- Born: June 1962 (age 64) United States
- Citizenship: American
- Occupations: Author, entrepreneur, marketing strategist
- Years active: 1978–present
- Known for: Marketing publications and co-founder and CEO of GISTICS Inc.
- Notable work: Co-author of Firebrands: Building Brand Loyalty in the Internet Age
- Website: michaeljaymoon.com

= Michael Jay Moon =

Michael Jay Moon is an American author, entrepreneur, marketing strategist who is the co-author of Firebrands: Building Brand Loyalty in the Internet Age, as well as the co-founder and CEO of the consulting and research company GISTICS Inc.

== Career ==
Moon began his career in Silicon Valley at the microcomputer company IMS Associates, Inc. in 1978, working in marketing and business development roles. He went on to work with Regis McKenna at Regis McKenna, Inc., working on the advertising accounts of Apple, Intel, and Microfocus. He founded his first marketing and communications agency, Michael Moon Associates, in 1981.
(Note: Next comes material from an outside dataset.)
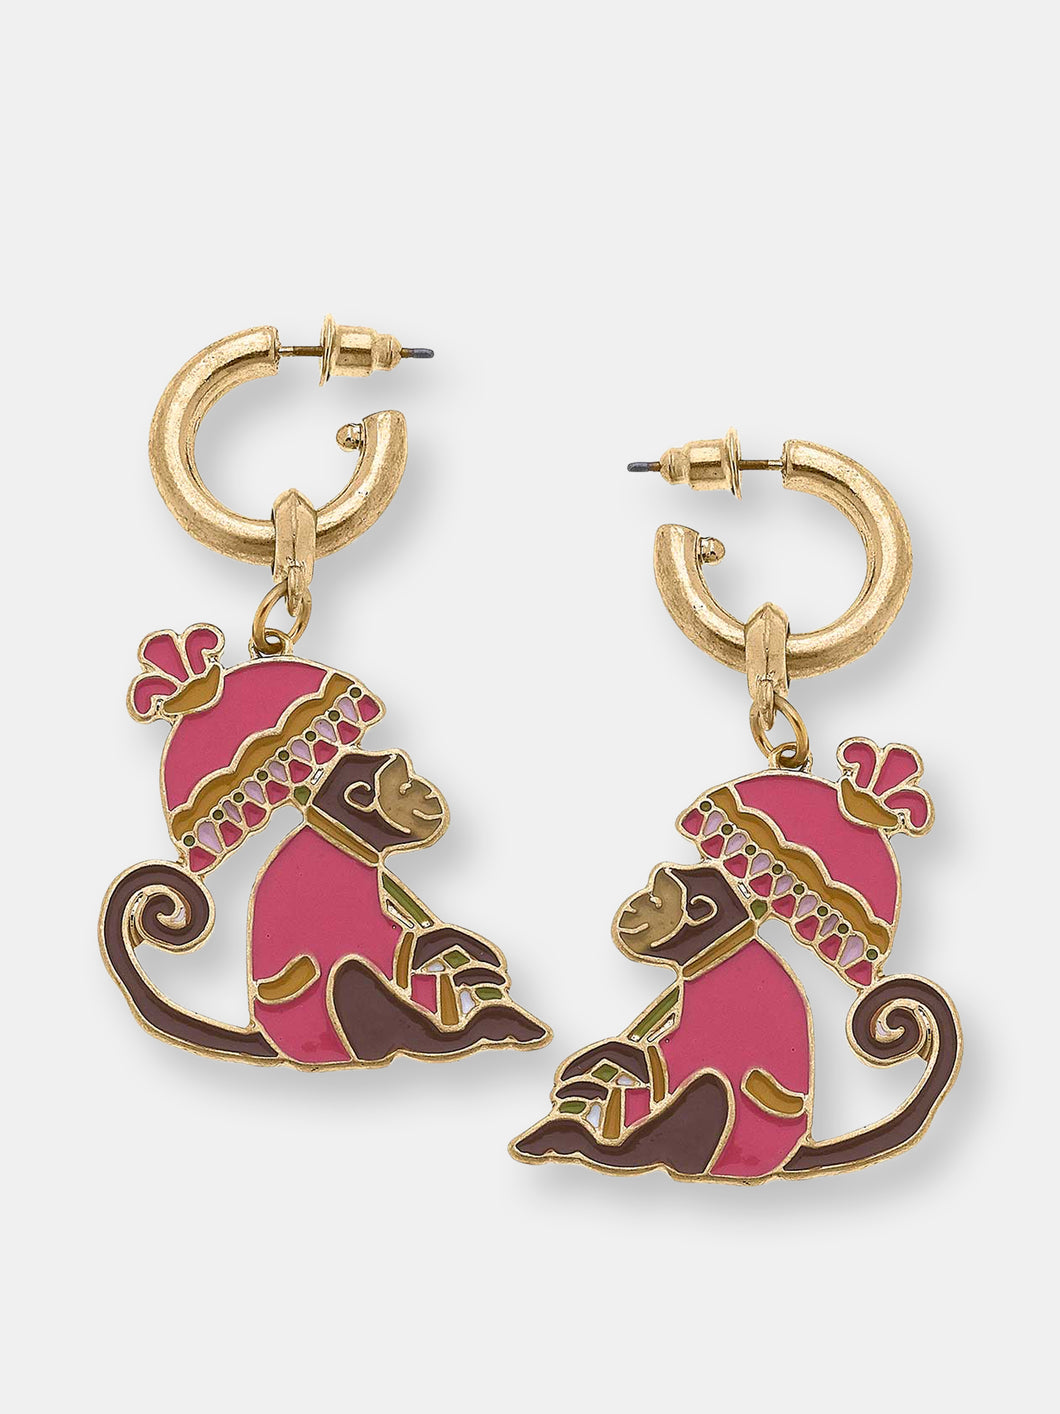 Remy Enamel Monkey Earrings in Pink & Brown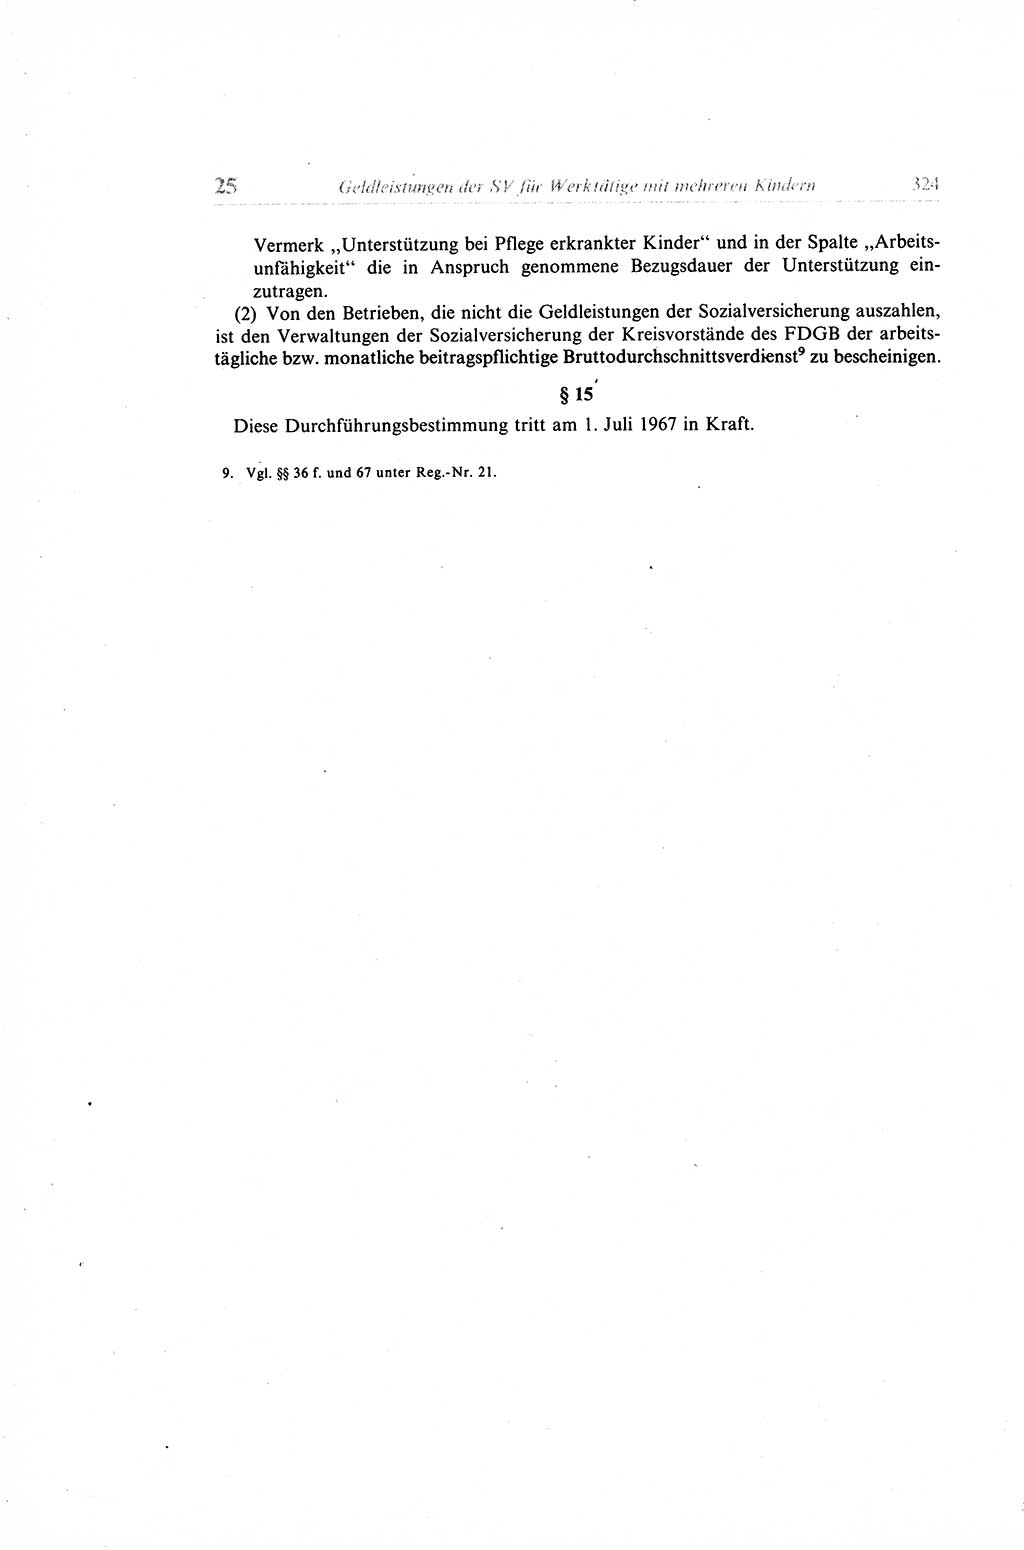 Gesetzbuch der Arbeit (GBA) und andere ausgewählte rechtliche Bestimmungen [Deutsche Demokratische Republik (DDR)] 1968, Seite 324 (GBA DDR 1968, S. 324)

After working at various Silicon Valley market research firms, Moon co-founded the Oakland-based GISTICS Inc. in 1987 as a research firm exploring the deployment of new technology, and serves as its president and CEO.

Since 1991 it has focused almost exclusively on digital media and marketing automation. GISTICS researches emerging technologies and provides recommendations for companies to apply them to business and marketing applications. GISTICS also explores emerging trends in social media, and how technology companies can apply them as part of their market entry strategy.

=== Writing ===
Moon was a contributing editor for Morph’s Outpost from 1993-1995, launching the magazine and writing a monthly column. A technical publication on emerging multimedia design technology, it was based on the design of '60s underground newspapers. He was a blogger for Customer Engagement Agencies, DAM for Marketing and Engagement Marketspace. In 2000, he co-authored Firebrands: Building Brand Loyalty in the Internet Age with Doug Millison. The book is now available in 13 languages.

== Bibliography ==
- Firebrands: Building Brand Loyalty in the Internet Age, McGraw-Hill Osborne Media, 2000

== Recognition ==
In January 1999, Chief Executive Magazine featured Moon in the magazine’s “Technology Gurus” article. He also serves on the advisory board of The Vasconcellos Project, a group created to carry the vision of former Silicon Valley legislator John Vasconcellos.